Обсуждаемая дама, явно наслаждаясь всесторонним вниманием к своей персоне, залилась жемчужным смехом, тряхнула головой, звякнула серьгами — тихонько, но нахально. Их перезвон утонул в брызгах радости и щебете второй рыжеволосой, Калерии фон Трамплтон. Амелия прищурилась, глядя на трампесс, уловила обрывки разговора. Речь шла о пожаре в казино и встрече некоего Виктора с Сильвертрамом Стриксом.
— Очень, на мой взгляд, непотребная одежда, — солгал Зойцсман. — Эдакое, знаете ли, бурлескное бесстыдство...
— Приятно слышать, — со стуком поставила фужер на стол Амелия. — Значит, вкуса вы не лишены. Принесите нам вина. Во-о-он из тех, из дальних ящиков. Постарайтесь выбрать бутылку попристойнее.
Гарельд так и поступил, четко уловив в ее голосе приказ.
— Нет-нет, мне не надо, — запротестовала ревенантка, — я не пью. Кроме прочего, мне пора домой...
— Тише. Слышали?
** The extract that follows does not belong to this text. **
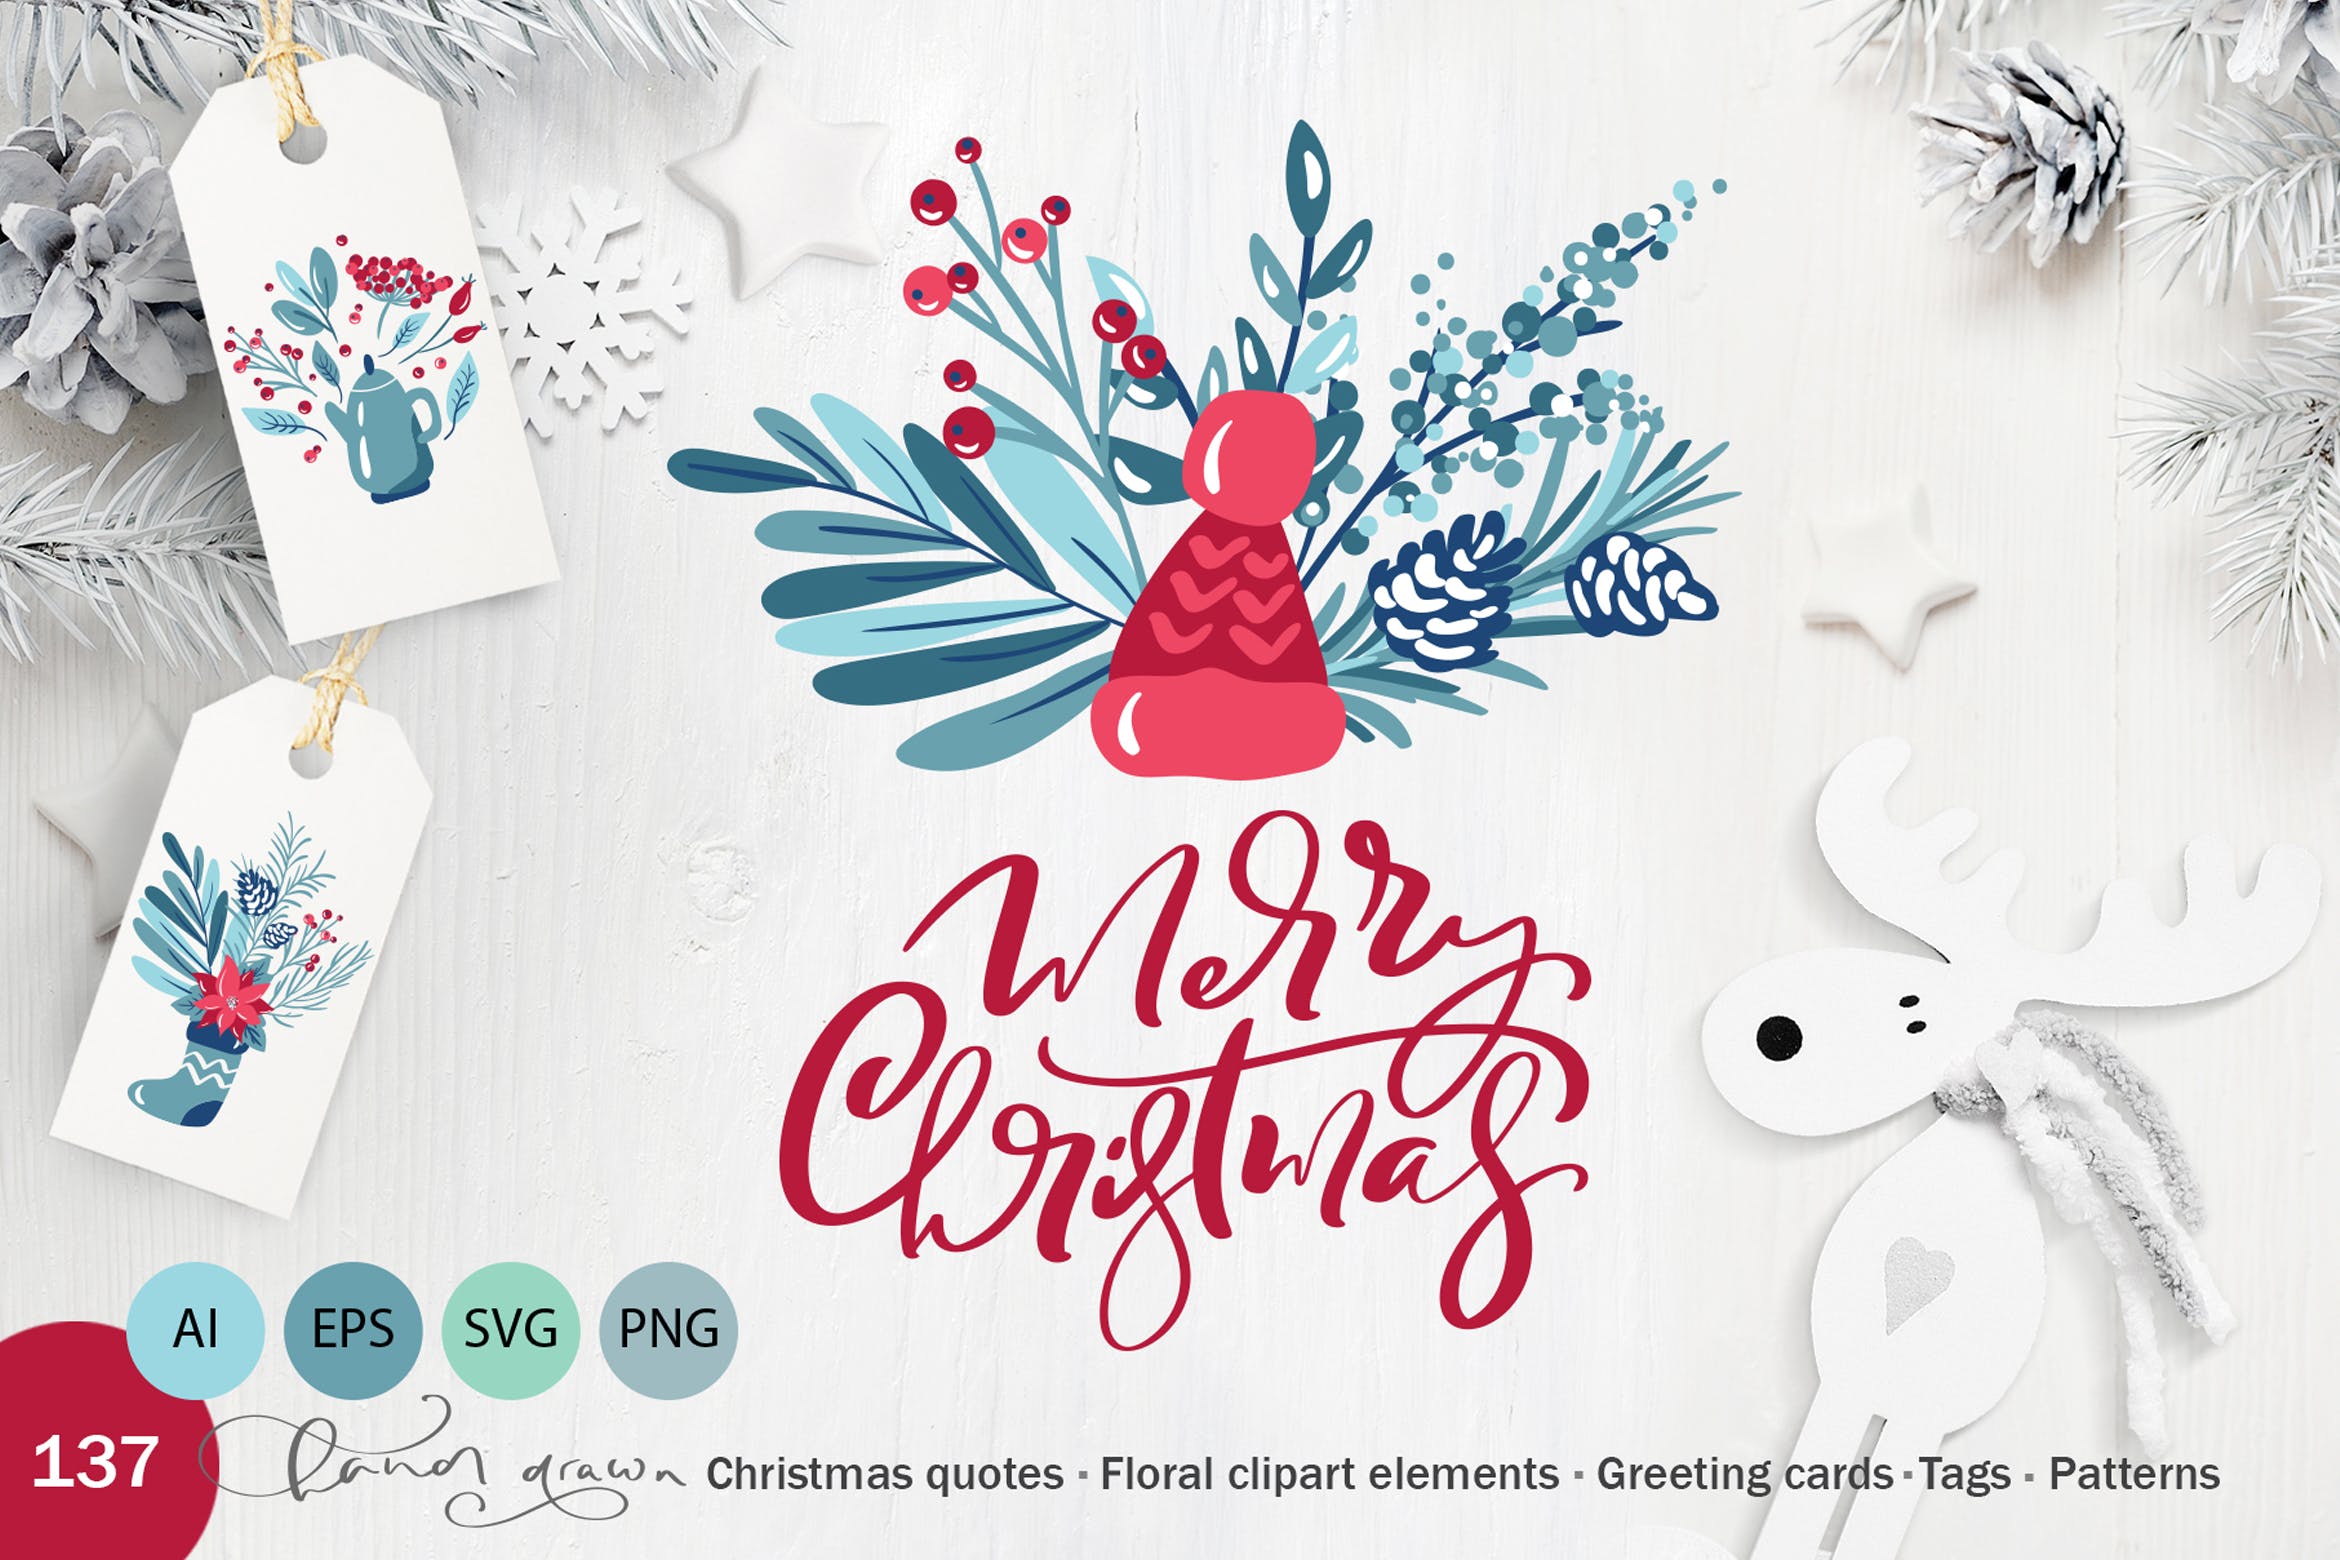 圣诞节主题元素水彩手绘设计素材 Christmas floral holiday elements插图

Шпионаж... Стриксы... Подозрительно, не правда ли?.. Пойдемте. Только не спеша, не подавая виду.
Жестом пригласив Алейну идти следом, Амелия с горделиво поднятой головой проплыла мимо трампесс, медленно и грациозно спускаясь со ступенек сцены. Ступив на дорожку, она подобрала подол, пошла быстрее и быстрее, ускоряясь с каждым шагом, и наконец совсем уж шустро завернула вправо и юркнула в кусты. Укрывшись за разлапистой листвой многолетнего кукумиса, сжала ладонями виски и напряженно свела брови к переносице.
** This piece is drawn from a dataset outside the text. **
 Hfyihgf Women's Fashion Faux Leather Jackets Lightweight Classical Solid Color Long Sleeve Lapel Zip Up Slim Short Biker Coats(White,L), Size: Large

— Странно, — промолвила она через минуту, проведенную в сосредоточенном молчании. — Очень-очень странно. Ладно, давайте незаметно улизнем, пока не вернулся этот... этот... Ах, скорее же, прошу вас!
Мелкими шажками, стараясь не попасться на глаза Зойцсману, — а тот, держа в руках три бокала и бутылку, с обиженной гримасой вертел головой по сторонам, — Амелия пробралась между кустов и, увлекая подмастерье за собой, поторопилась к выходу.
(временной скачок в шестнадцать дней) [Главный проспект] Дракенфуртский оперный дом «Танталус»
-----------------------------------------------------
*Орднунг — особый жизненный уклад бруггианских буржуа, которому свойственны аккуратность, скрупулезность, пунктуальность и прижимистость; существует пословица «Ordnung muss sein» (в переводе с бругг. «Порядок должен быть!») — своего рода неформальный девиз северного княжества, как нельзя лучше описывающий бруггианский национальный характер.